What to produce: Below are some entries. Transcribe the lines from the one holding "Avengers Endgame Superheroes" to the one holding "Faber 150L 1", inclusive, but not the pictures among them.

Data for this task:
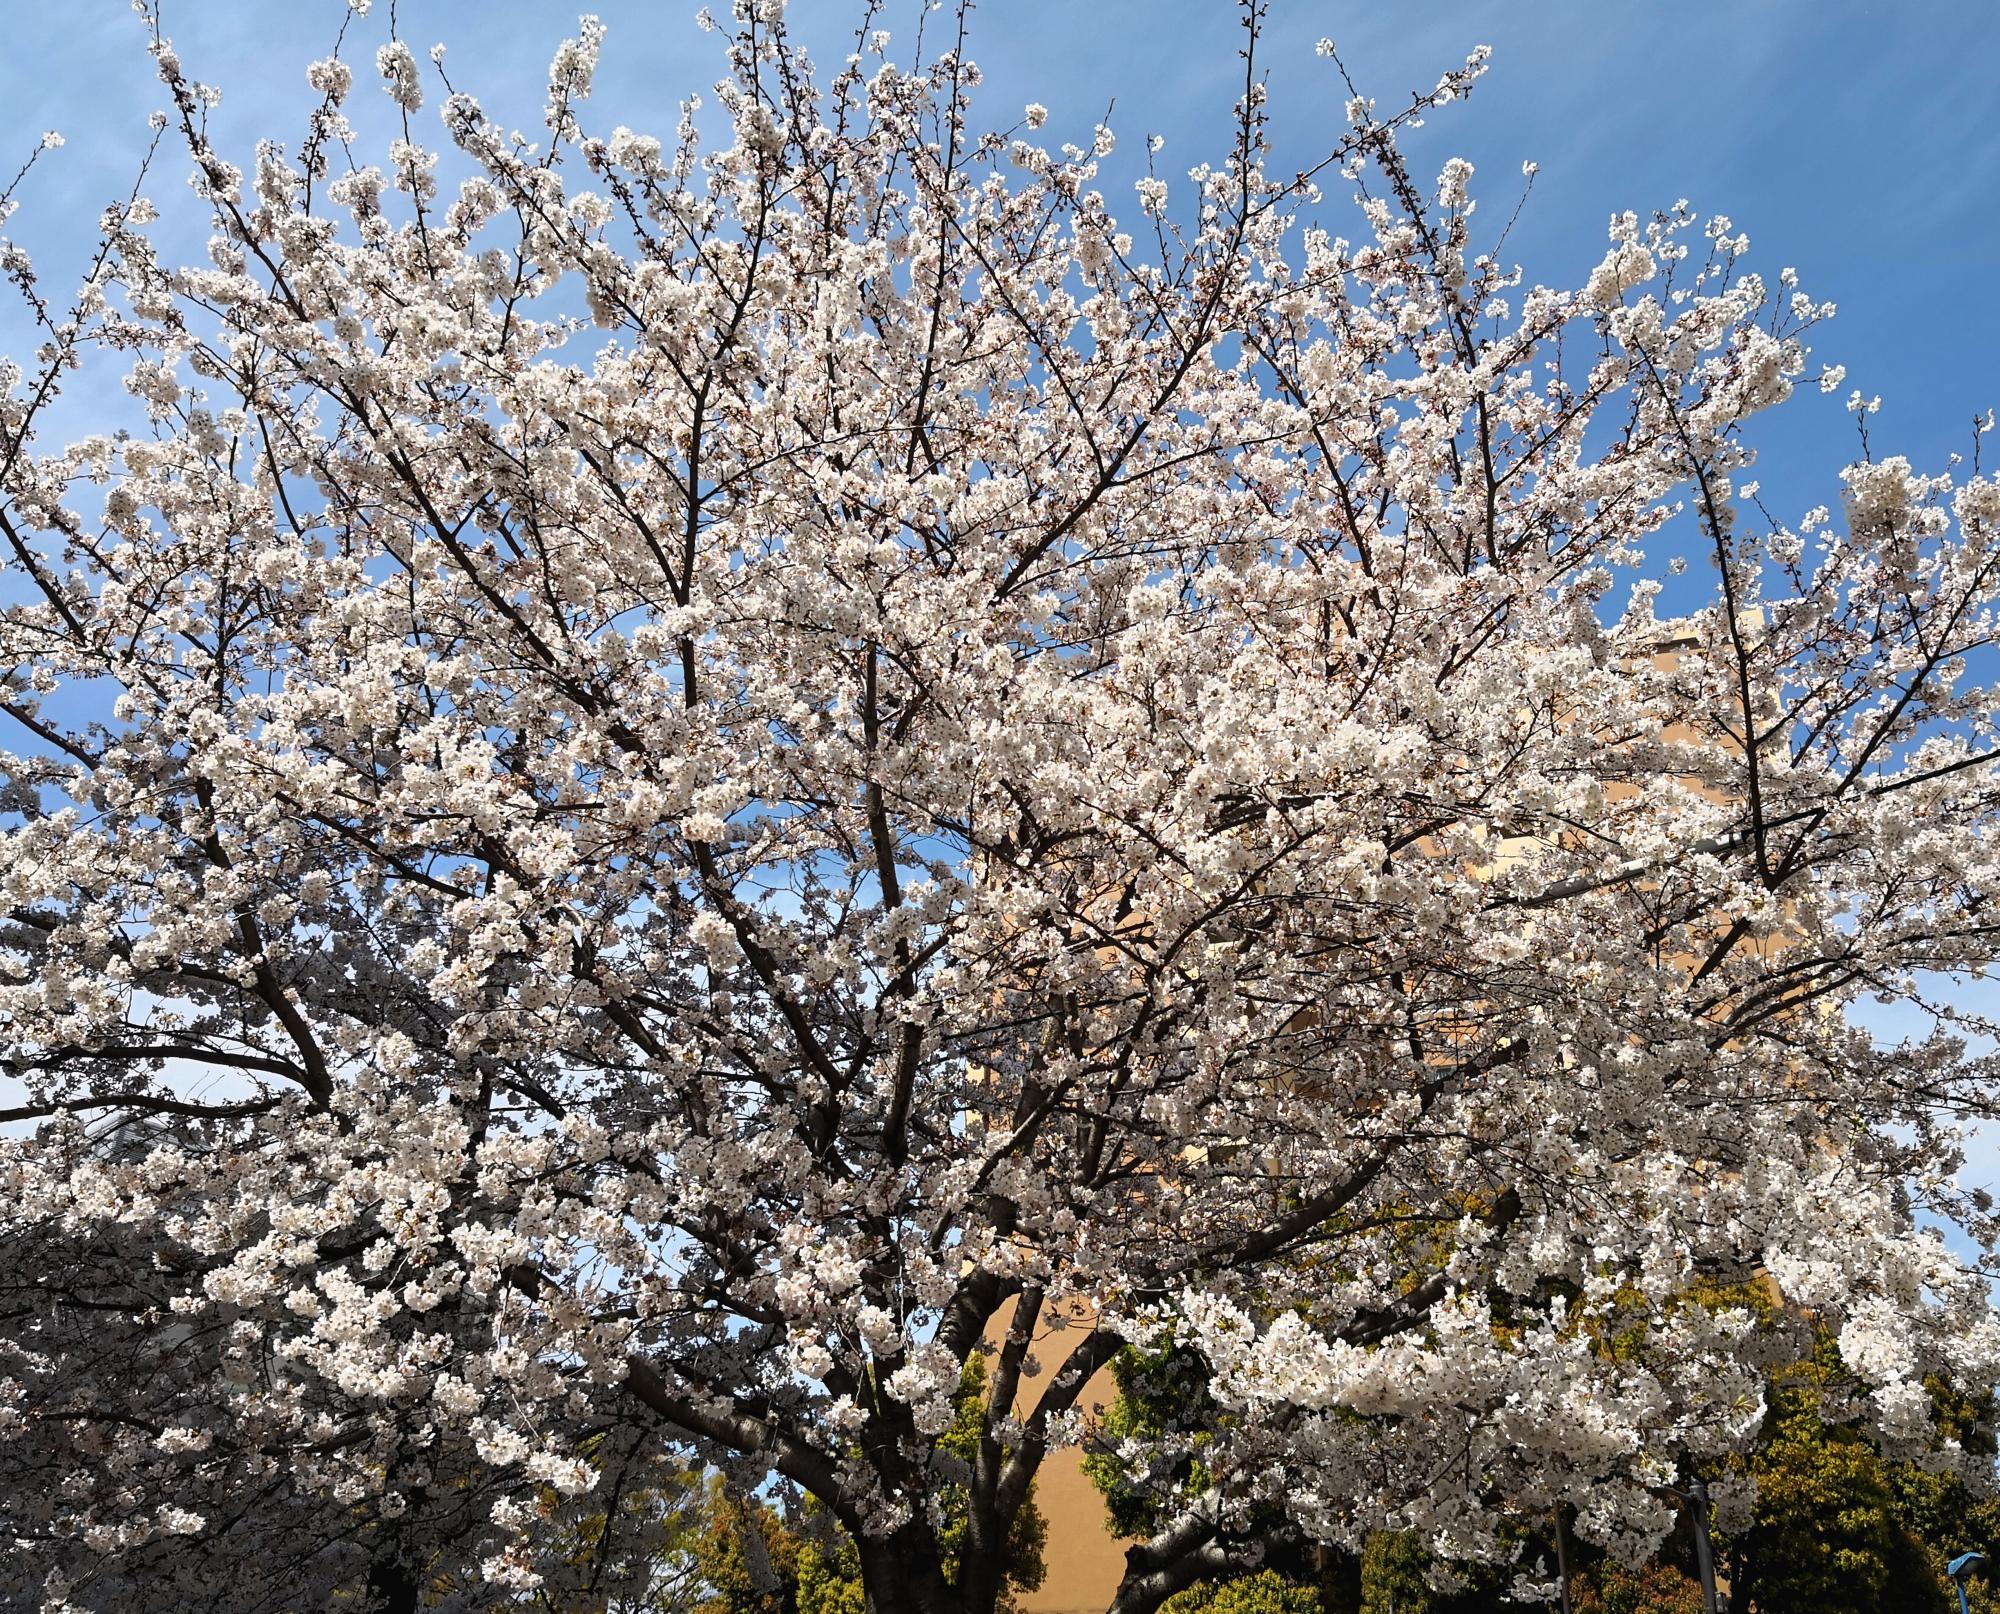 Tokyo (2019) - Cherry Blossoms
* * *
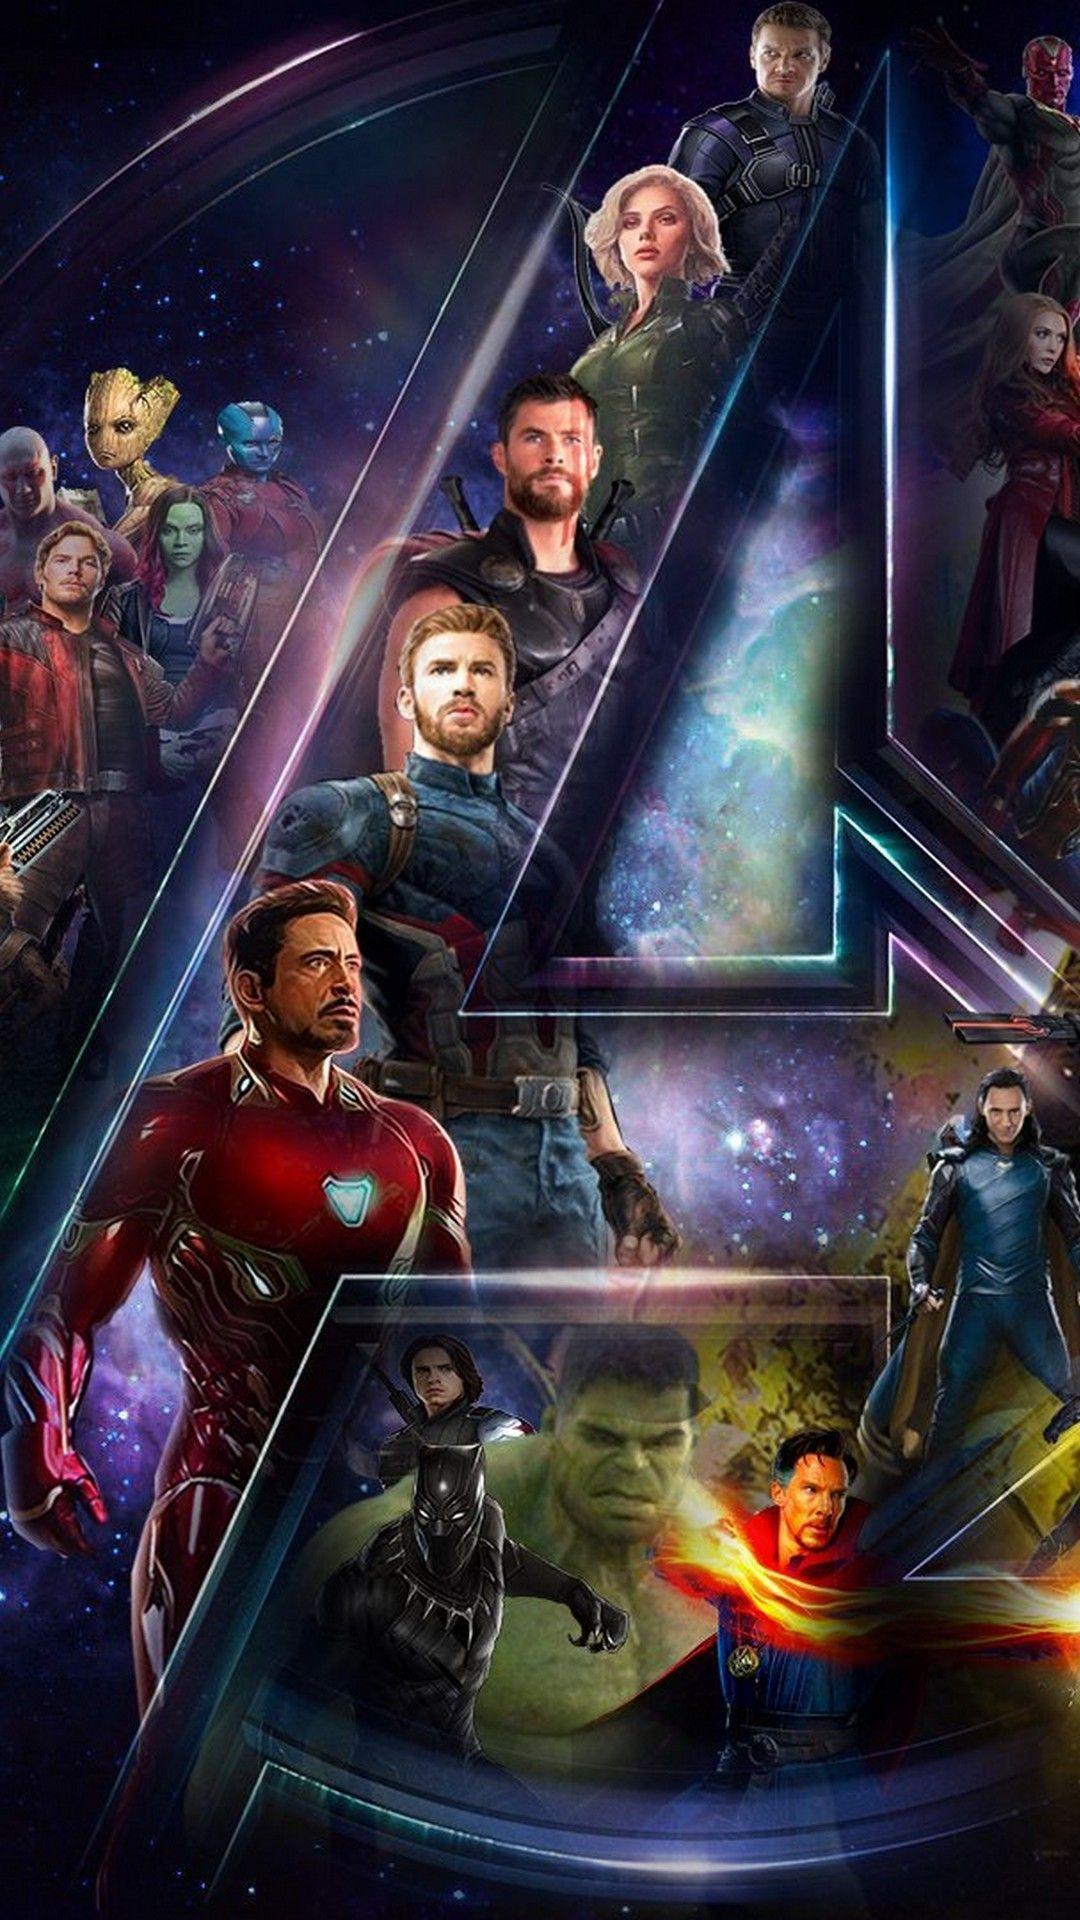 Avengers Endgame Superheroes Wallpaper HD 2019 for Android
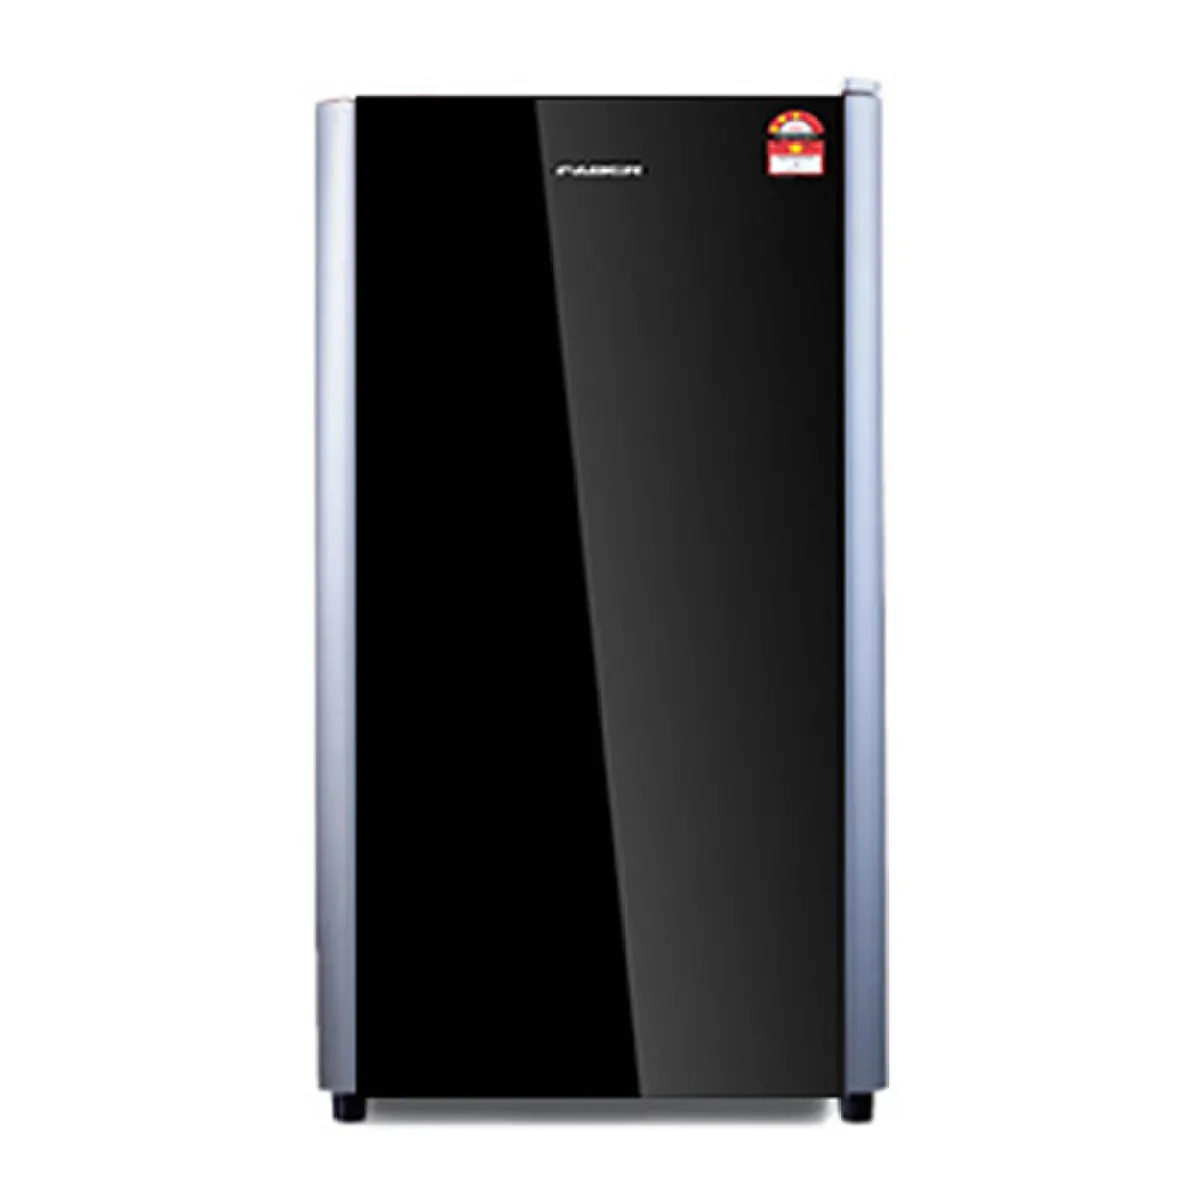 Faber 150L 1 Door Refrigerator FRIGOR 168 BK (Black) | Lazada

Response to this exercise:
 Avengers Endgame Superheroes Wallpaper HD 2019 for Android
 Faber 150L 1 Door Refrigerator FRIGOR 168 BK (Black) | Lazada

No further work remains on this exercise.